Military historians regard Chancellorsville as a classic example of Jackson's uncanny ability to get around enemy lines and defeat a superior foe.
"Chancellorsville is the ultimate of all battle strategies," Ripley says. "It's still taught in every war college in the world. It's taught at St. Cyre in France, at Sandhurst [in Britain]. The Japanese study it. It's the ultimate example of the underdog overcoming a stronger enemy. Every single principle of war can be taught in that battle. All those principles - maneuver and lightning-fast strikes, similar to the German blitz - will be very important in a desert war."
In fact, during the 1930s, Erwin Rommel - the "Desert Fox" of the Germans' North Africa campaigns - even sent his chief of staff to the Shenandoah Valley to survey Jackson's valley campaign, Robertson says. And some historians see Jackson's cavalry attacks as the forerunner to the tank-led German blitzkrieg that overran Poland, and later France, during World War II.

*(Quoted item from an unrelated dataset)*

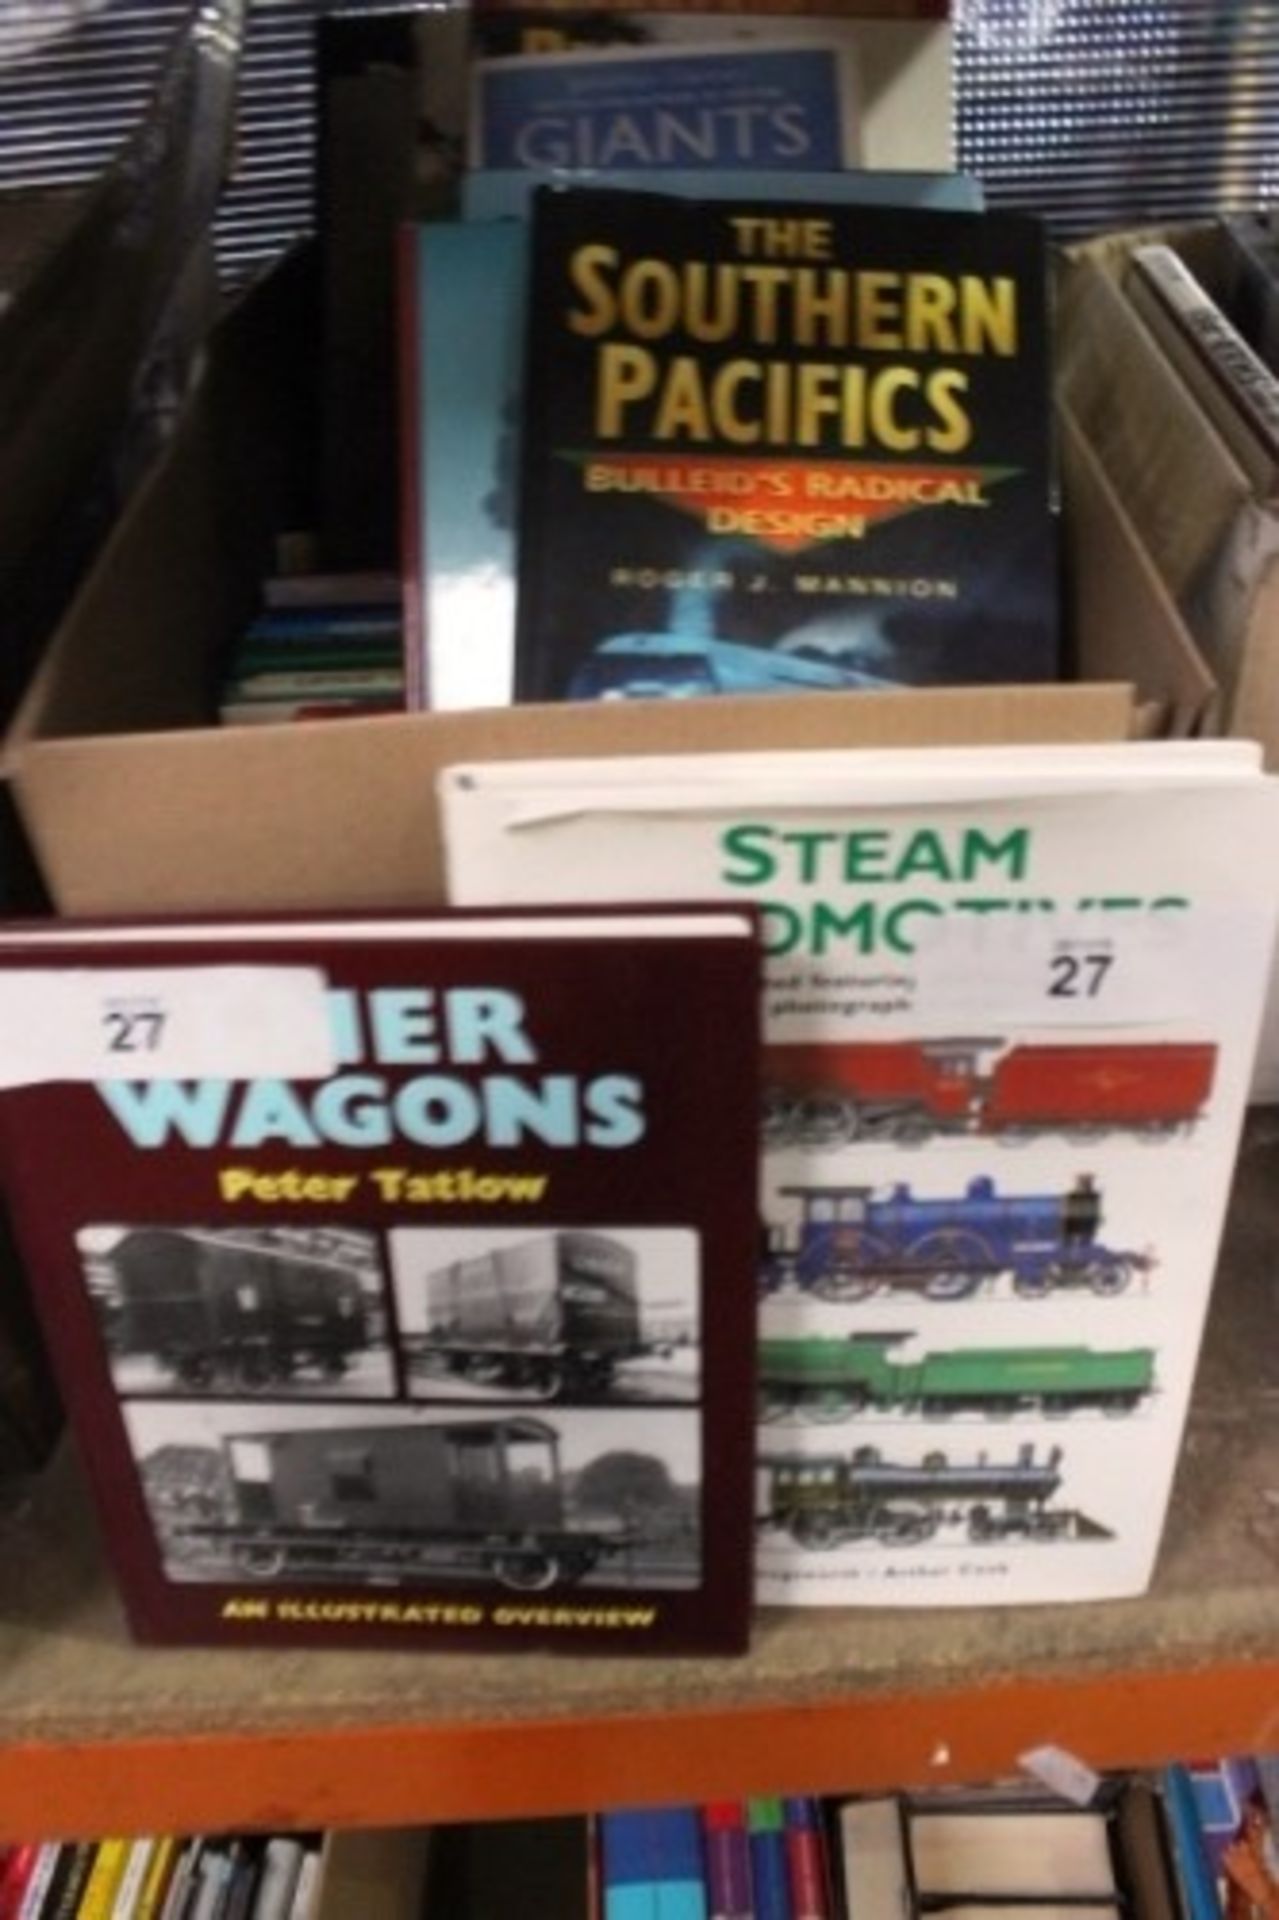 A quantity of railway and train related books - Second hand (26)
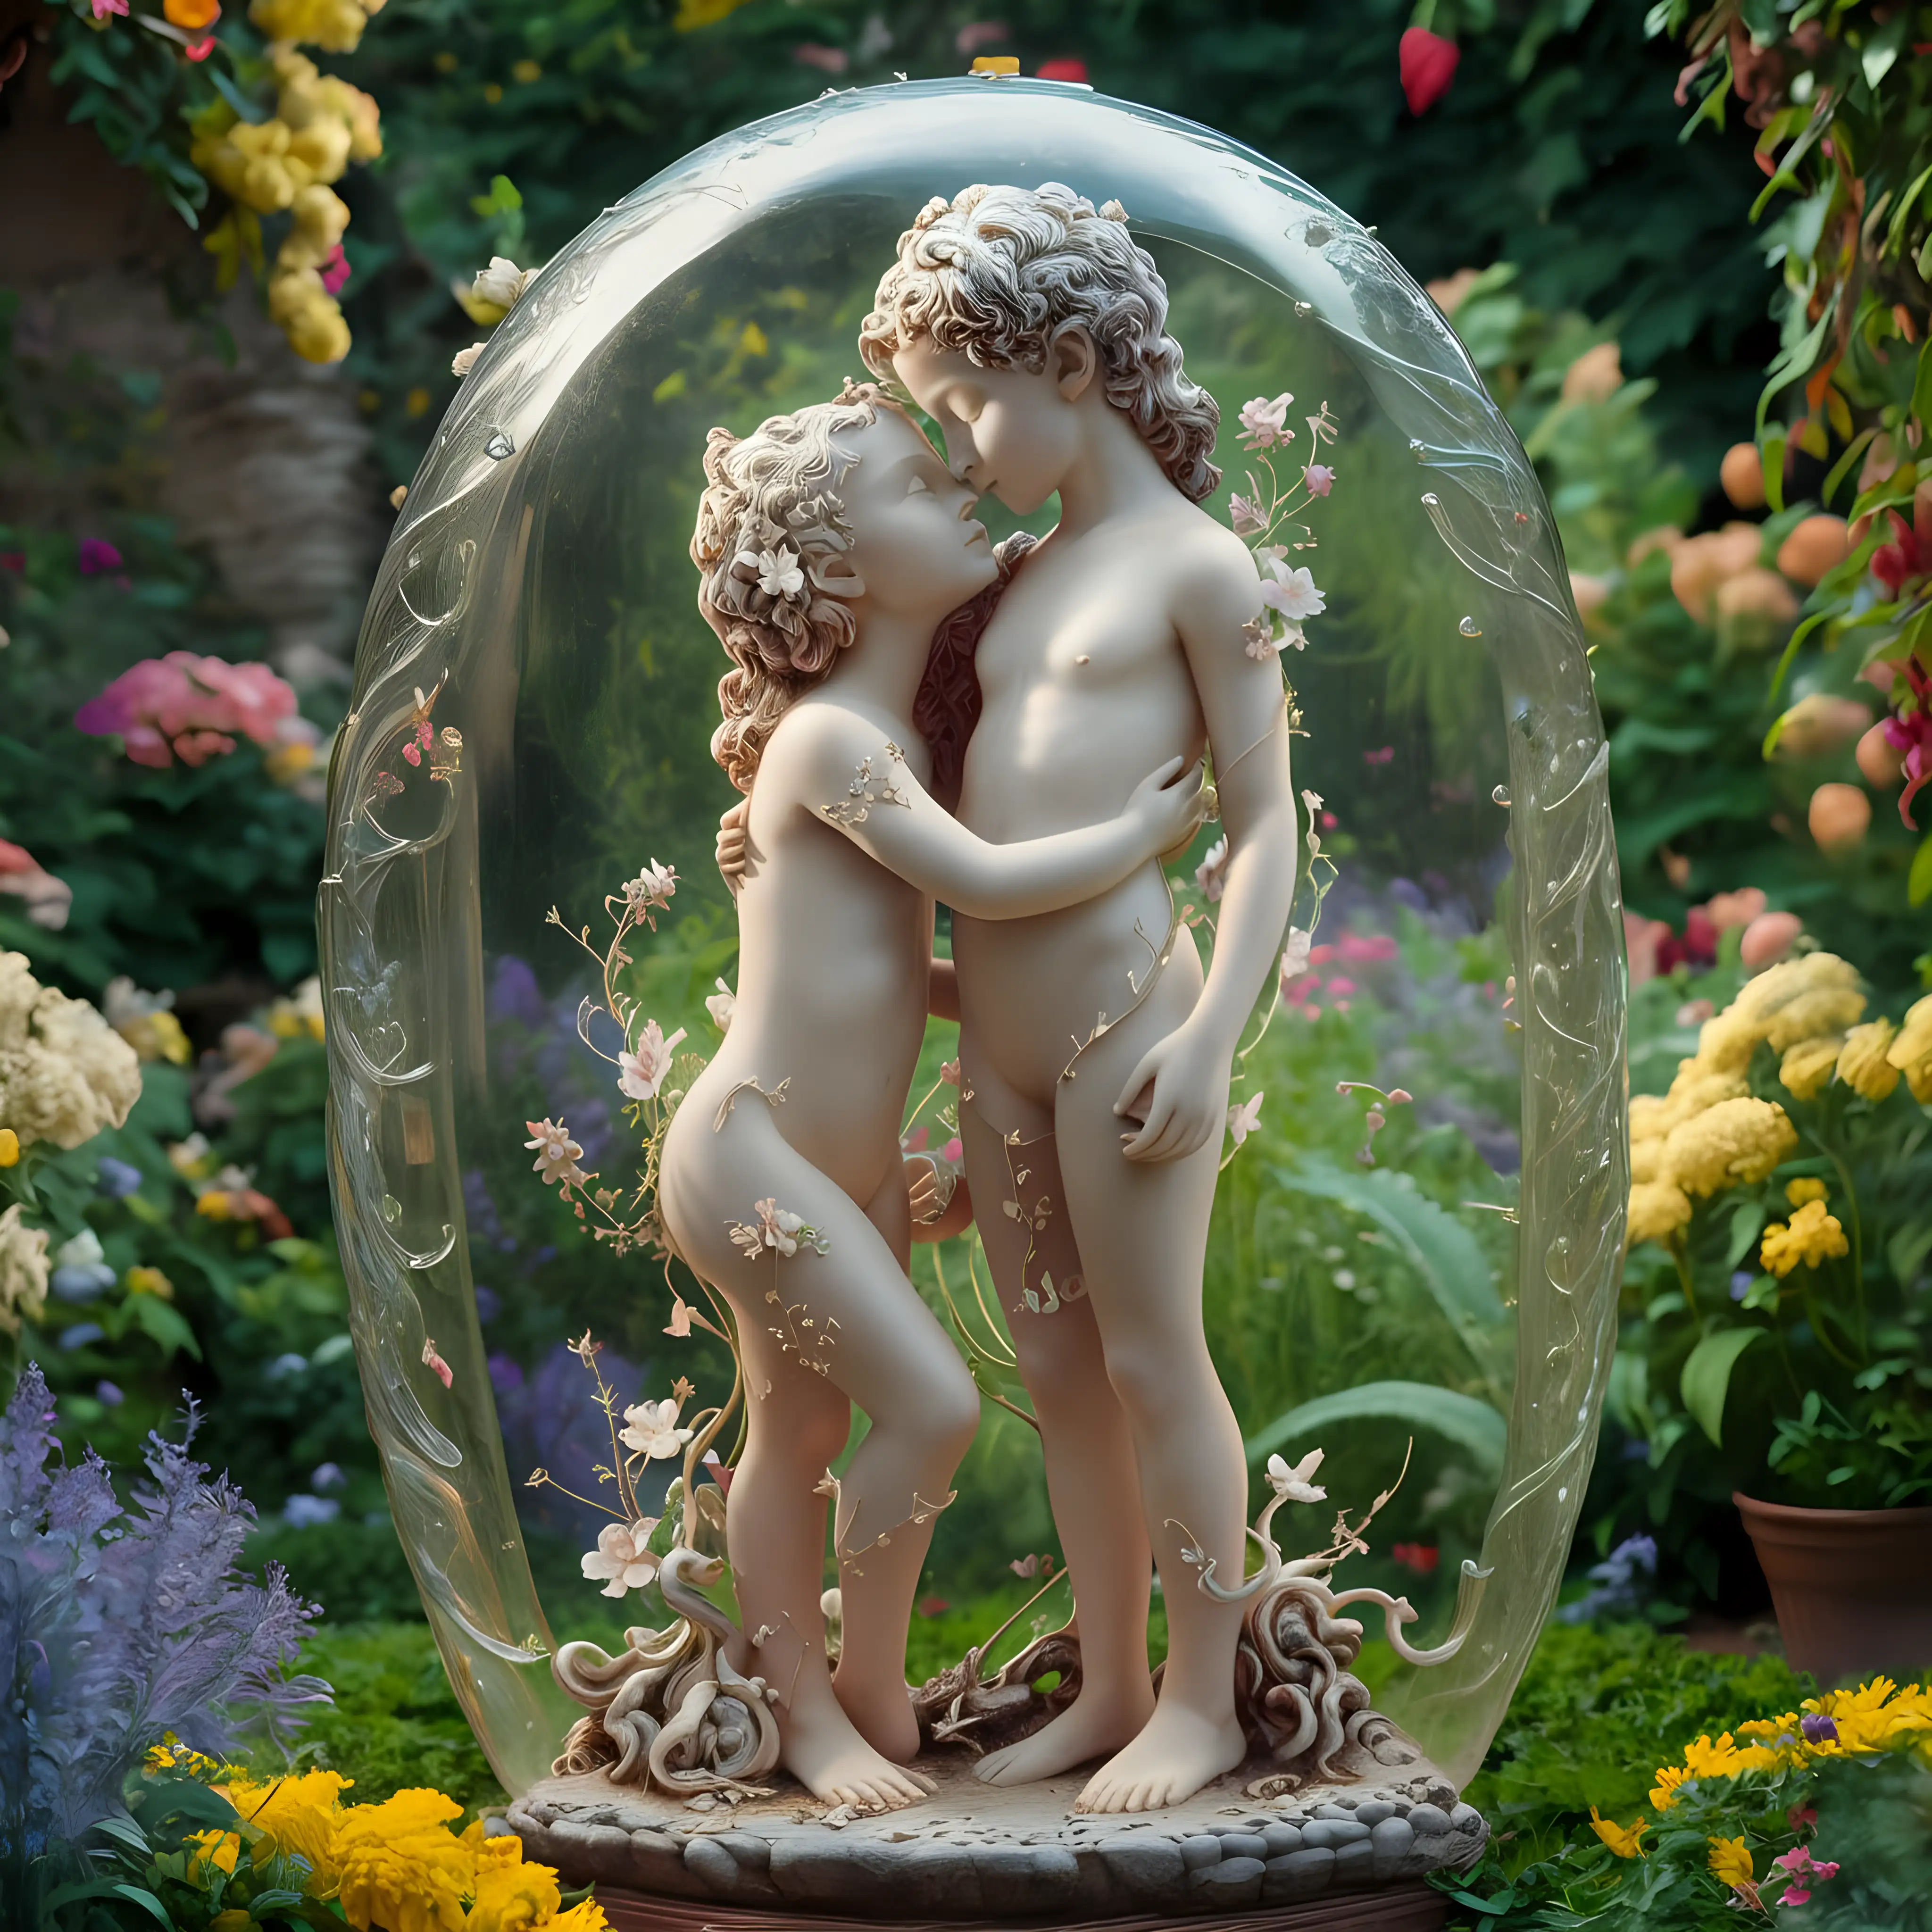 Nude Girl and Boy Statue Amidst Flowering Garden Bliss

In turn, a heavy emphasis on tanks to burst through enemy lines and race for a distant objective instead of fighting across a solid front has formed the model for offensive warfare ever since. That was best seen in the Israeli dash across the Sinai Peninsula during the Six-Day War in 1967 and the overnight Iraqi capture of Kuwait last August.
"The blitz is about as Jacksonian as there is. Quick movements, heavy concentrations," Robertson said.
Jay Luvaas, a civilian Civil War expert who teaches classes in national security and strategic planning at the Army War College, cautions against drawing too many parallels between Civil War battles and modern warfare.
Timeless principles can be duplicated, but not exact plans, he notes.
Nevertheless, the Civil War forms the basis for much of the study at the war college, partly because the battlefields are so near and the records of both sides are available (and in English), he says.
In his classes, students - mostly colonels and lieutenant colonels - study Civil War battles to learn leadership styles and commanders' decision-making during battle.
The North's Ulysses S. Grant is admired for his knack of making his intentions clear to subordinates, so they could improvise. The siege of Vicksburg is held up as a model of Army-Navy cooperation.
Luvaas recalls recently leading a group of Army Special Forces officers over the Gettysburg battlefield. They wanted to learn about operating in enemy territory with inadequate maps, so Luvaas designed a lesson around how Southern generals coped with that problem during their invasion of Pennsylvania in 1863.
Nathan Bedford Forrest, a Confederate general whose exploits in the Deep South rivaled Jackson's even if his fame didn't, is also studied by modern war planners.
"Hit fast, hit hard, do the unexpected," Link says, repeating Forrest's lessons. "If you look at what we're doing in the Persian Gulf, we're not doing the expected. [Defense Secretary Dick] Cheney said we will fight the war on our terms, not Saddam Hussein's, so we're still living that principle."